For the habit, see: I Don’t Respond to Long Emails.
Five channels, shifting versions, and reply-all chaos burn days.
One thread, one checklist, one weekly summary wins.
One-time legal, true migrations, dead SKUs with receipts.
Two lines of context and move on.
Calling ongoing contractors “temporary” or zeroing a market-rate replacement salary won’t fly.
Reality returns in diligence.
Time-to-match, fill rate, and repeat by geo/category show density.
I’ll fund copy-paste expansion post-close.
If liquidity dies when coupons stop, take rate isn’t real.
I’ll compress headline or pass.
Lower of cost or NRV, obsolescence reserve, turns by SKU, and landed cost discipline.
I stop arguing and start wiring.
Punishing a Q4 build or excusing a Q1 dip without data wastes time.
Use same-month YoY and a seasonally adjusted peg.
Tier-1 vendors, terms, backups, and exit plans are listed.
Platform dependence has a 90-day mitigation plan.
Undisclosed refunds, reseller promises, or side deals kill trust late.
Disclose early and price it.
Three to five calls with stickiness, switching cost, and price headroom.
Short, human, and credible.
Blocking direct customer access or over-coaching signals fragility.
I widen diligence or slow the clock.
CAC payback <12 months on core channels tells me unit economics travel.
I’ll stretch multiples when payback is real.
NRR flat but CAC rising and channels rotating every quarter is instability, not growth.
We price volatility.
TTM P&L tied to bank, 3-year history, cash→accrual bridge, cohorts, top-20 customers by month, AR/AP, inventory or deferred schedules, key contracts, org chart, SOPs, access hygiene, and backups.
This unlocks a ~30-day close.
If I can’t audit with CSVs, we waste time recreating facts.
Ship both executed PDFs and source tables.
Tight definitions, reasonable survival, modest escrow, and a sample closing statement.
Prose matches math, so closing is math, not drama.
Endless debates on immaterial reps signal culture clash and slow approvals.

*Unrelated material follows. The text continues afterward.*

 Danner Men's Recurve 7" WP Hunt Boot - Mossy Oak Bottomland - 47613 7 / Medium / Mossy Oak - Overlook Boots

Freeze issues by priority and move.
Access, comms, “what’s not changing,” weekly KPI cadence, and transition scope.
Calm Day-1 accelerates value capture.
For operating rhythm, see: 02: Journaling With AI.
What single green flag accelerates my deal the most.

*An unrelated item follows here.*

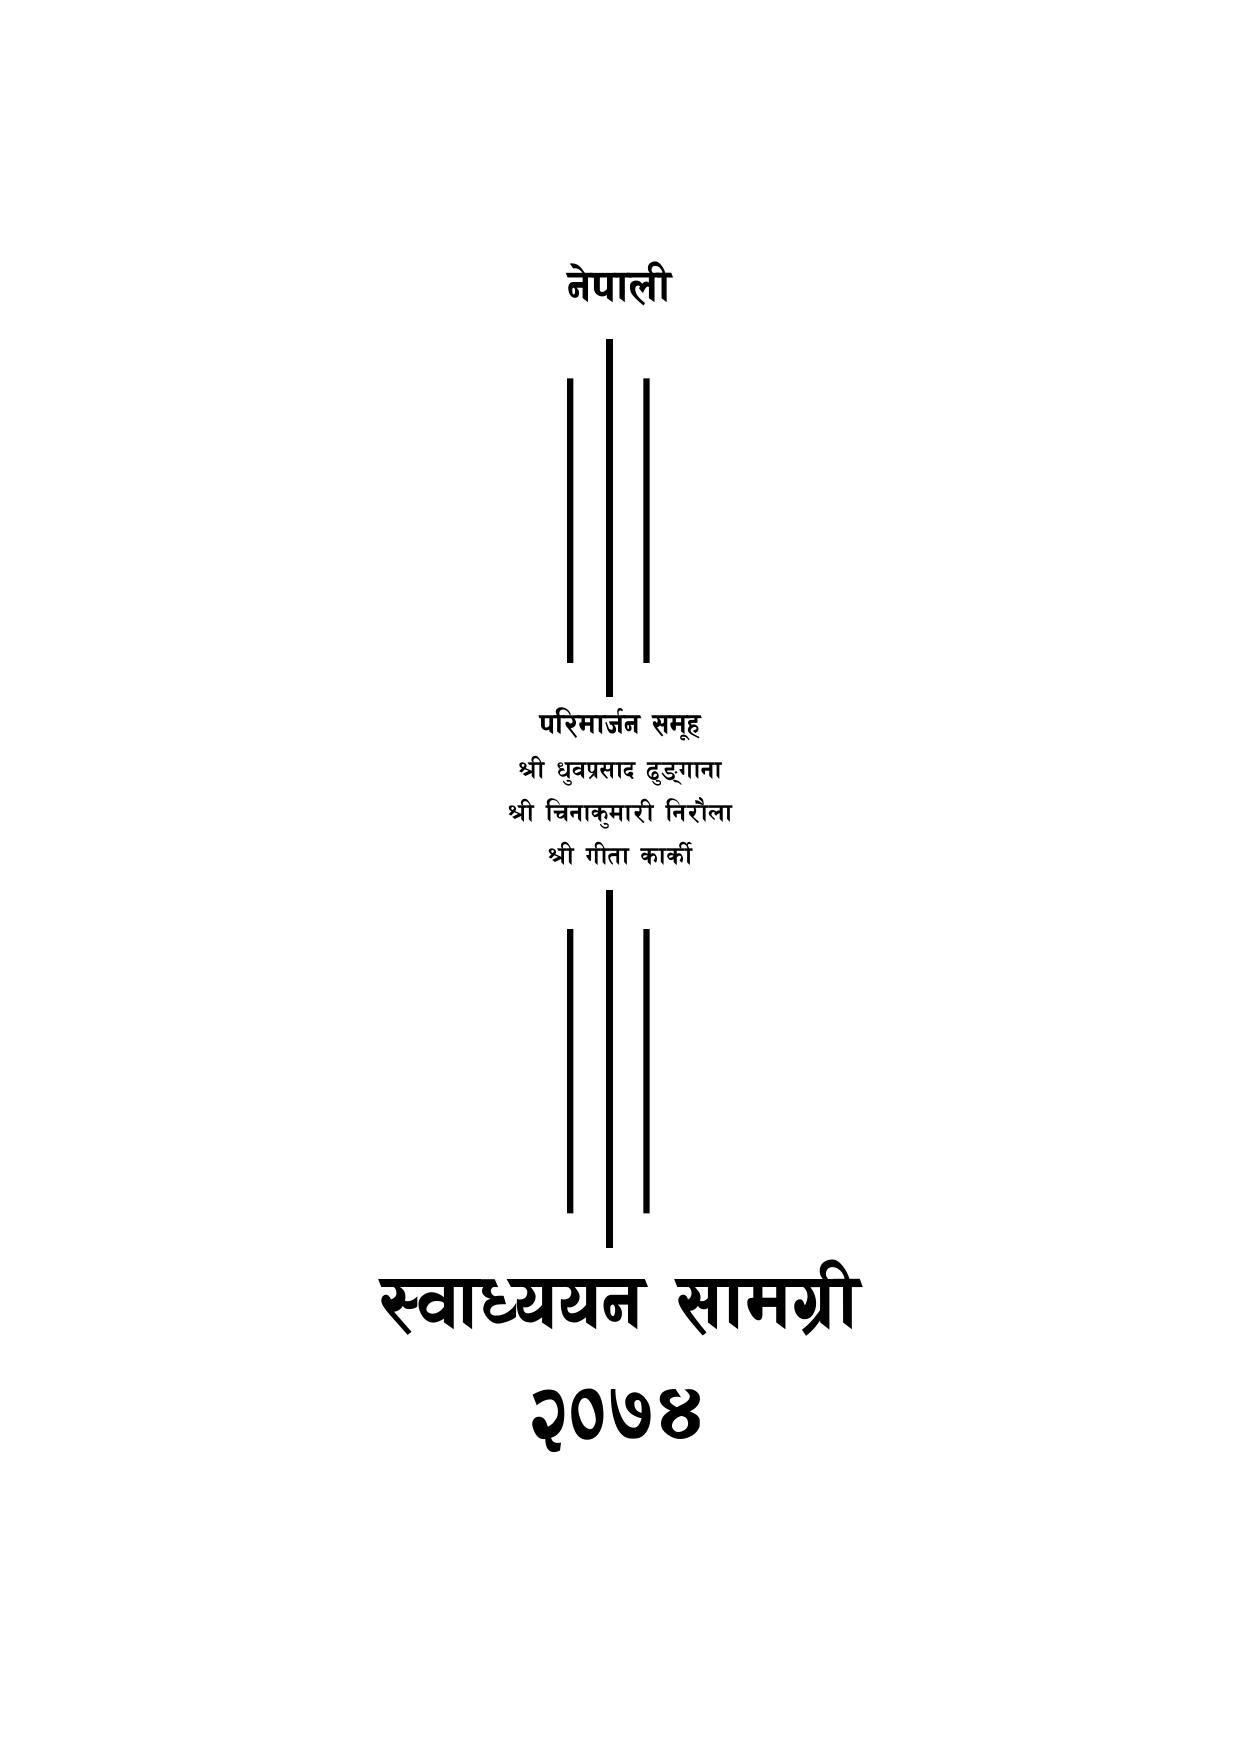 नेपाली स्वाध्ययन सामग्री २०७४

The Vital 20% data room on day one with a clean cash→accrual bridge.
What red flag kills deals fastest.
Hidden liabilities or vague revenue recognition that unravels trust.
Can I overcome high customer concentration.
Yes with contracts, renewal history, and a credible dilution plan.
How do I keep my multiple when we’re seasonal.
Set a seasonally adjusted working-capital peg with 12 monthly snapshots and same-month YoY logic.
Do I need audited financials to get an LOI.
No.
I need reconciled statements tied to bank and evidence-backed add-backs.
What’s better—earnout or escrow.
Usually escrow.
If you must use an earnout, keep it ≤25%, ≤18 months, one metric, governance locked.
How fast can we go from LOI to close.
~30 days with owners assigned, one thread, and a ready room.
What’s a healthy escrow.
Often 5–15% for ~12 months with capped indemnities and a small basket.
How do I present my moat in one page.
State the thing a smart competitor can’t copy in 12 months, then prove it with cohorts and price tests.
Where do founders quietly lose money at closing.
Vague peg definitions, sloppy earnout metrics, and unlimited indemnities.
Red Flags & Green Flags: Andrew Wilkinson & Tiny on What Kills (or Accelerates) Deals boils down to cash-backed earnings, clean pegs, pricing power, and ruthless simplicity in process.
Eliminate fiction, publish the Vital 20%, lock definitions, and keep one crisp thread, and you’ll convert complexity into cash at close in ~30 days.